In the present embodiment, Replicated is a deep-learning-model distributed-training method, in which in each of the calculation accelerators, all of the calculation charts are the same, and include a respective set of training parameters, and the sum of the calculation charts of each of the calculation accelerators forms one complete calculation chart. Horovod is a deep-learning-model distributed-training frame, and it ensures that all of the calculation accelerators have the same training parameters, and coordinates the gradients of each of the calculation accelerators to perform a protocolling operation.

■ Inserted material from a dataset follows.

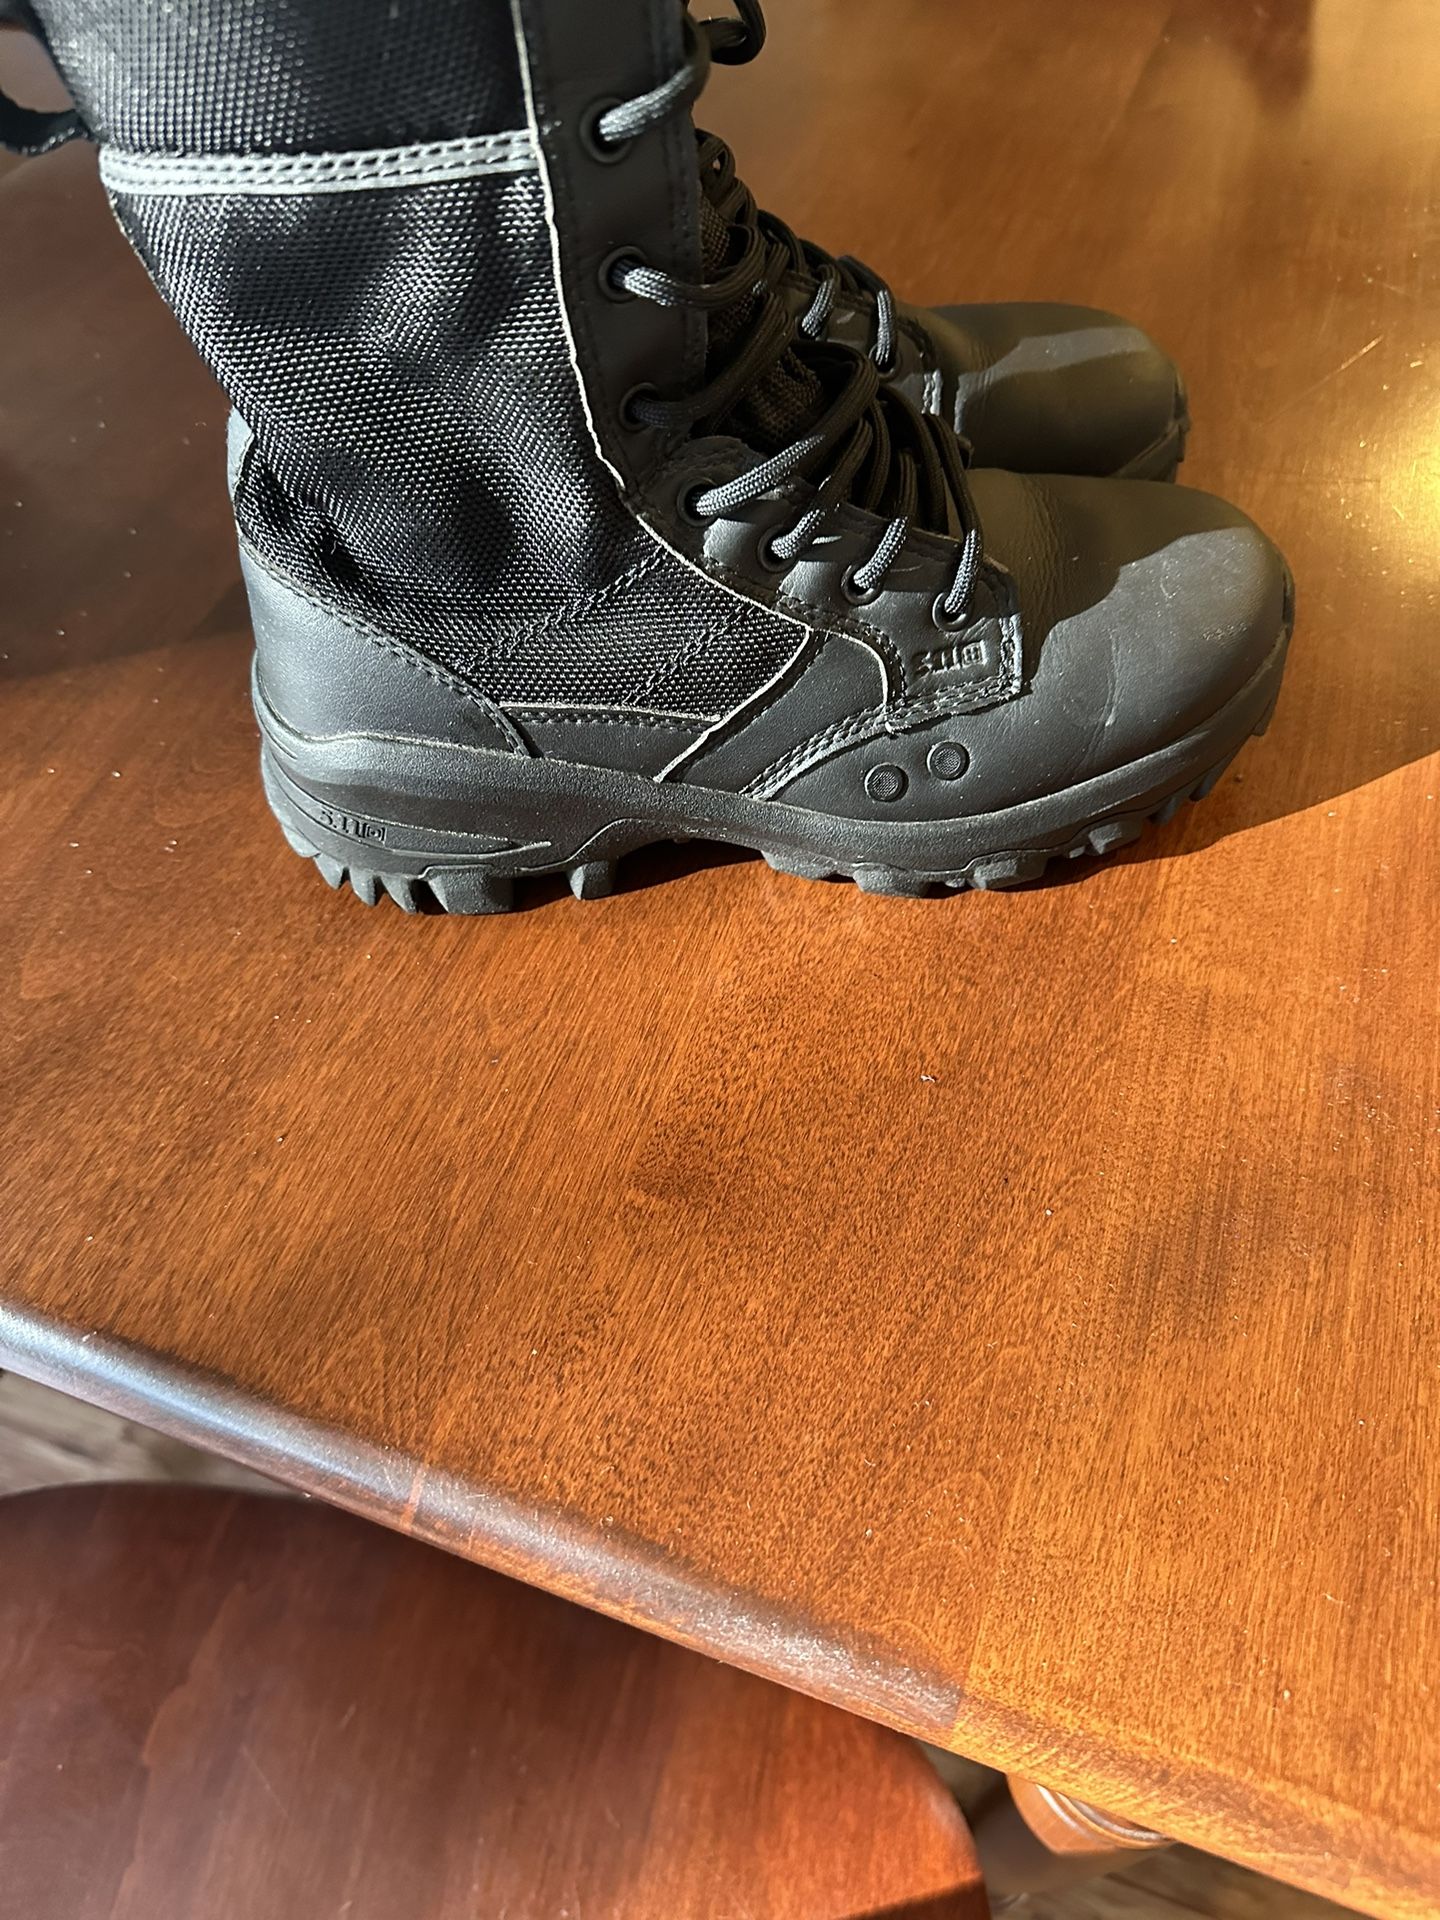 5.11 Tactical Speed 3.0 Jungle Boot

In the present embodiment, the first part includes, in each of the nodes, establishing an independent calculation chart in the form of Replicated. In other words, all of the GPUs in the nodes are covered by one training calculation chart, and the gradients in each of the GPUs are realized by using add n or ncclallreduce. The add n refers to, in each of the GPUs, copying all of the gradients of the other GPUs in the same node to this GPU, and solving the sum or the average of them. The ncclallreduce refers to, by invoking the protocolling operation in a GPU communication library, solving the sum or the average of the gradients. The second part includes the initialization of the same training parameters, including copying the initial training parameters of the GPUO in a node 0 to the CPUs of the node 0, and by using a broadcasting operation of Horovod, broadcasting those parameters into the CPUs of the other nodes; and copying the parameters of the CPUs in the respective nodes into all of the GPUs in the respective nodes. The third part includes, in each of the steps of the training process, repeating the following operations: in each of the nodes, performing a protocolling operation to the gradients by using the mode (add n or ncclallreduce) in the Replicated calculation chart, and finally copying the gradients obtained after the protocolling in the GPUO into the CPUs; by using an allreduce operation in Horovod, performing protocolling again to the gradients obtained after the protocolling in the CPUs of each of the nodes; and in each of the nodes, copying the gradient values obtained after the protocolling by using Horovod into all of the GPUs.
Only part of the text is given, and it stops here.